Do you want to be remembered for what you did... or how you did it?

Exploring Disconnects between Reliability Practitioners and Management/Executives

[Direct slides link | Direct video link]

Kurt Andersen and Leo Vasiliou provided the "author's intent" for why they wrote — and why they suggest you read — the latest "The SRE Report" (https://bit.ly/2023-sre-report). In this session, they'll hear about the logic, emotion, and controversy during survey writing and results interpretation. In summer 2022, an industry survey was run with 559 responses. The initial report on the findings was released in November 2022. Based on the self-identified organizational level by the respondents (e.g., Individual Contributor through Executive), they found quite a few of the inquiry topics had differing perspectives in their answer set. They highlighted these differences and provided some suggestions for bridging the perception gaps through the use of real-world situations. They took a naked look at some of the most surprising data and explored some of the open-ended questions where survey respondents could type in anything they wanted (and they did!).

I didn't take a lot of notes here (and a lot of the talk felt over-rehearsed). They walked through bits of the report (especially how responders' roles affect their answer to the Google-vs-Microsoft question) and did some role playing. Open ended questions often get a better response. Talking the language (tech vs business) of your audience is also often more likely to get the results you want (e.g., stress business value or risk).

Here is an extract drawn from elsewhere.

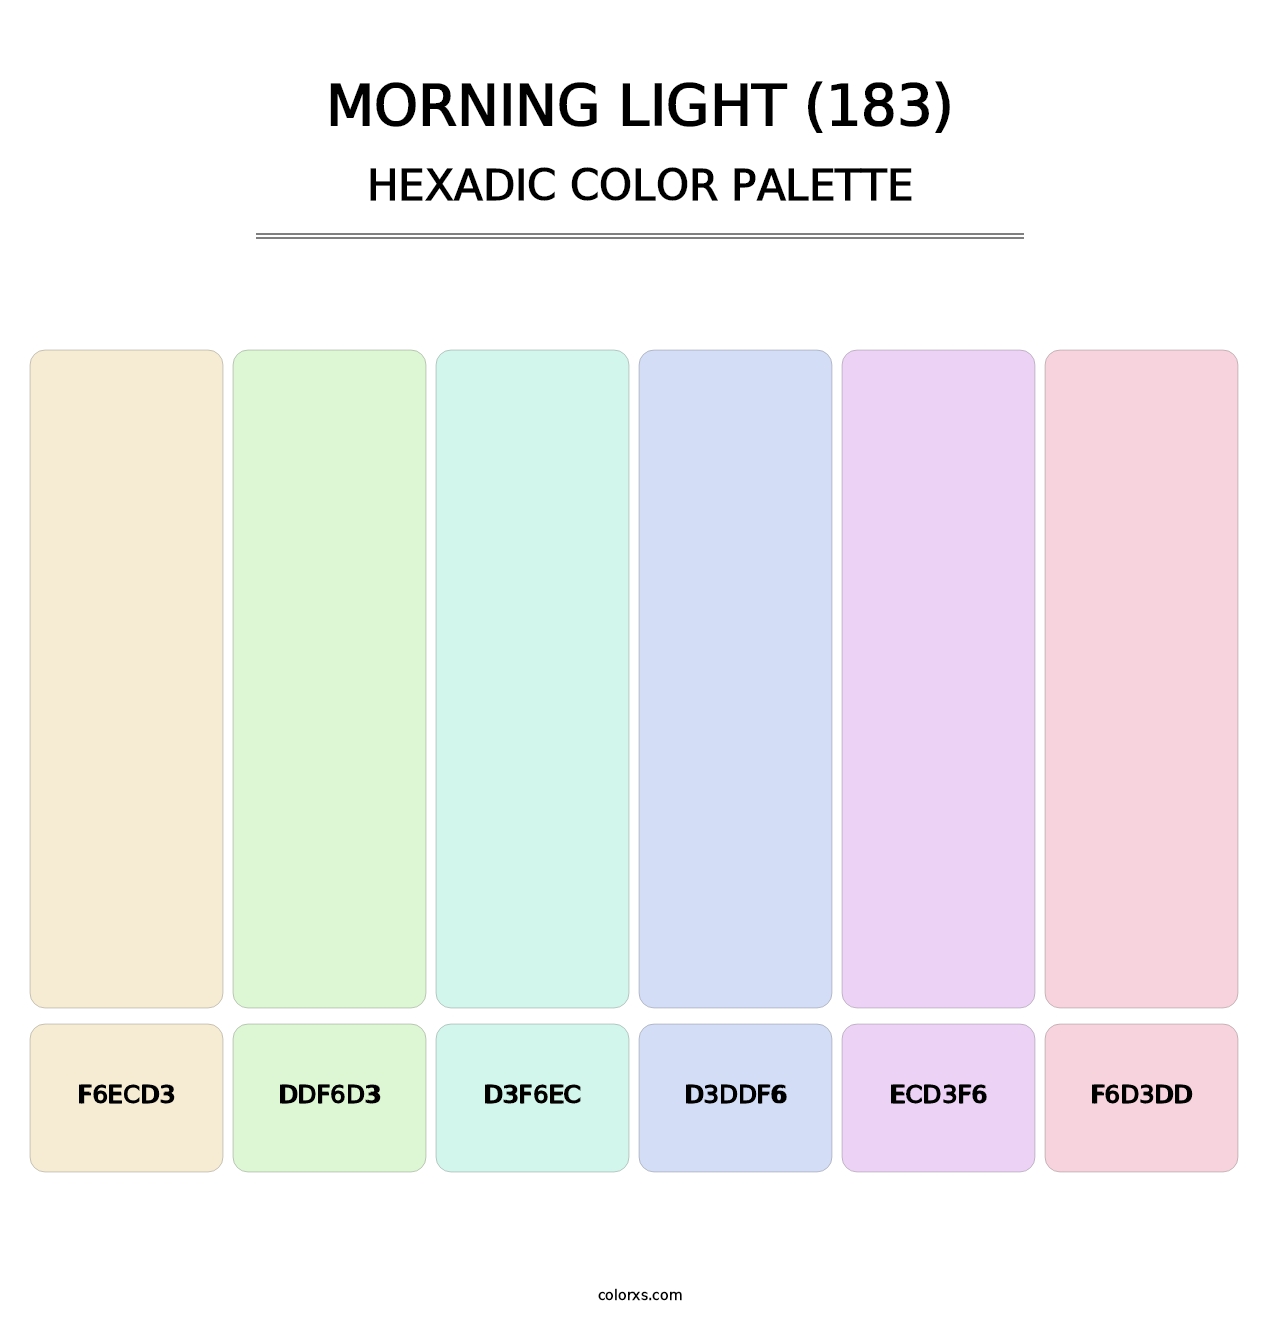 Morning Light (183) - Hexadic Color Palette
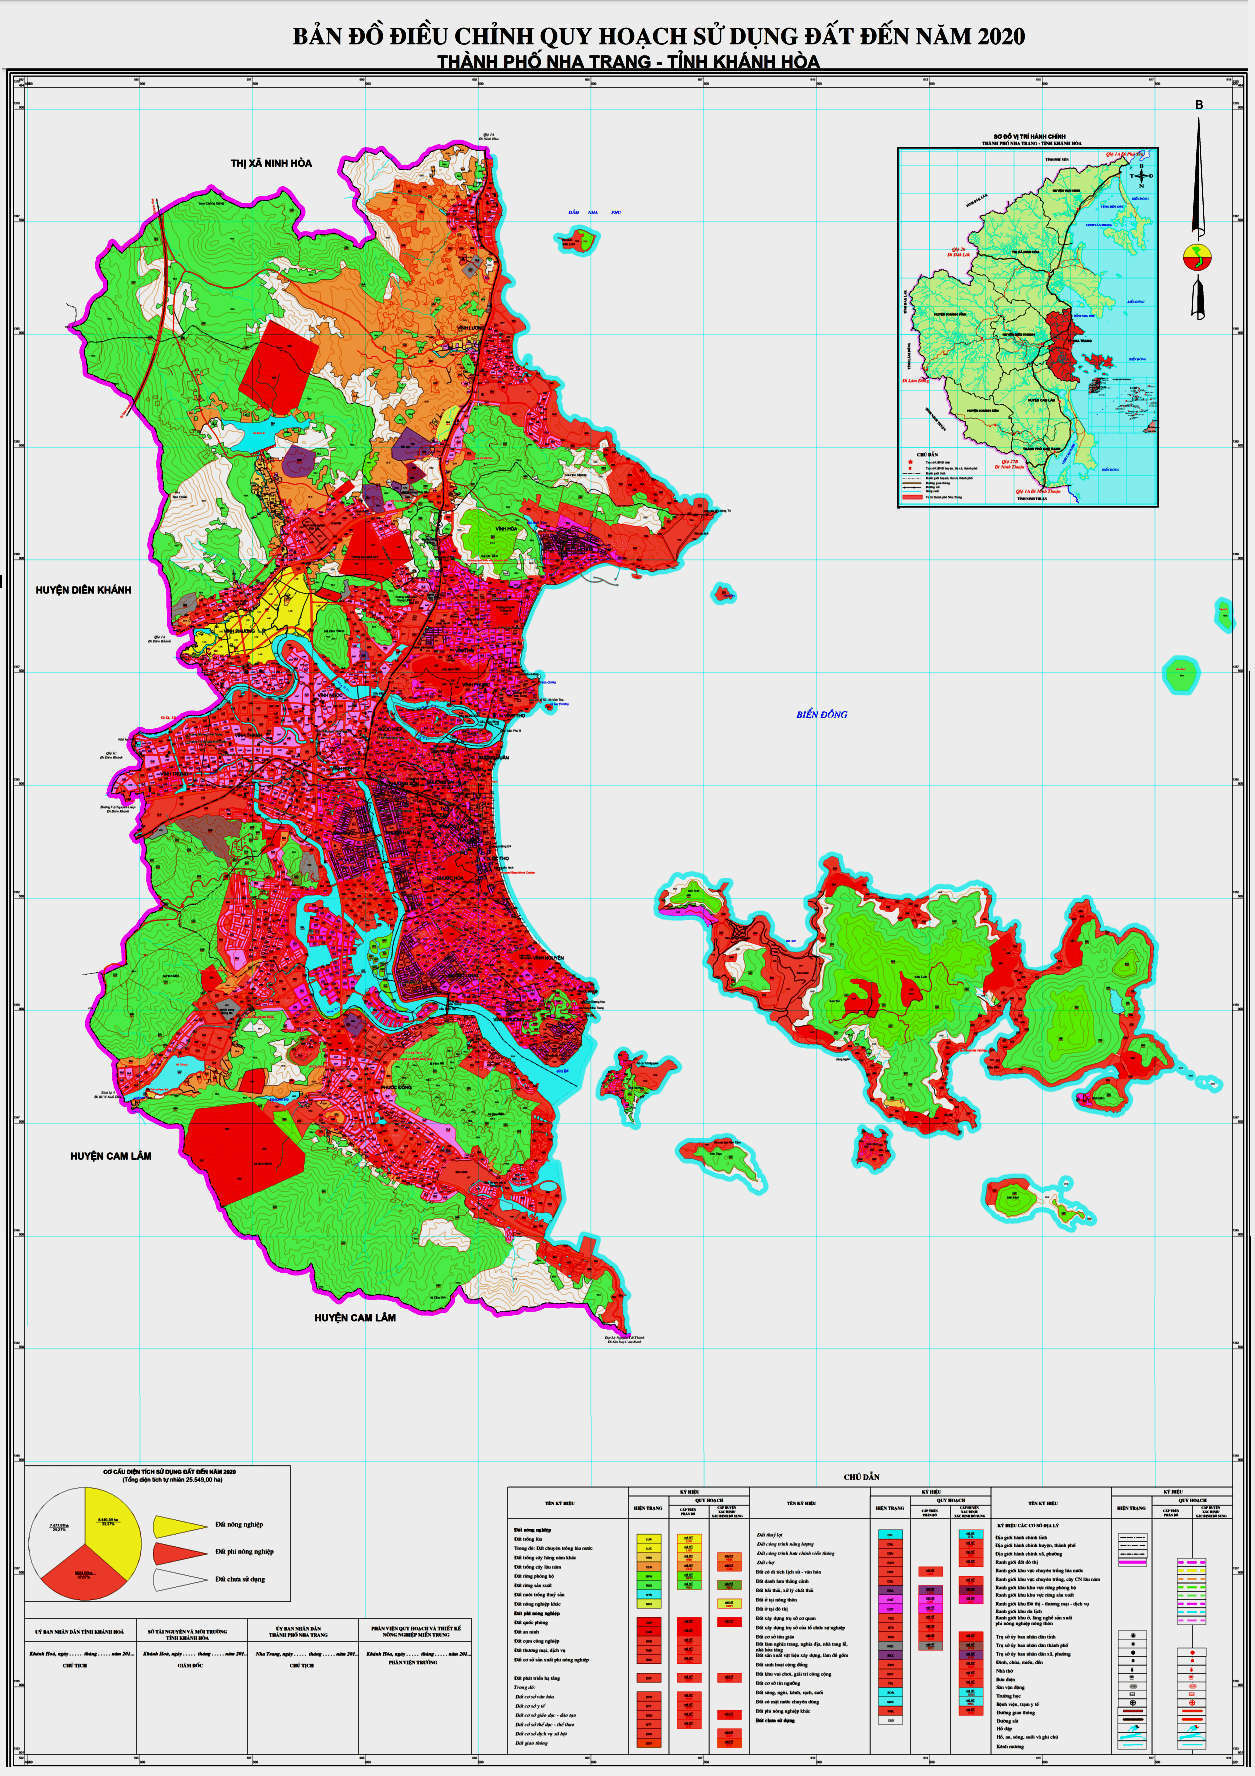 Bản đồ quy hoạch sử dụng đất thành phố Nha Trang tỉnh Khánh Hòa đến năm 2020

Dealer's choice: What didn't make it into the report?

(Leo) Size of "tool sprawl" problem (which is only a problem for ~2.1% of the respondents):

IC — 57% not at all or minor, 43% moderate or serious

Executive — 78% not at all or minor, 22% moderate or serious

(Kurt) How are SREs organized; where do you report?

21.8% not recognized as SREs

23.6% Executive

20.4% Localized

17.9% Multiple

16.3% Within Development

To summarize:

In order to achieve these results or solve these problems...

We need the ability(ies) to...

Success metrics look like this...

They will be powered by this (these) tool(s)...

(The tool comes last; the problem comes first.) "Capabilities or abilities are the gateway between your speeds and fees on the business end and the tools and tech on the engineering end."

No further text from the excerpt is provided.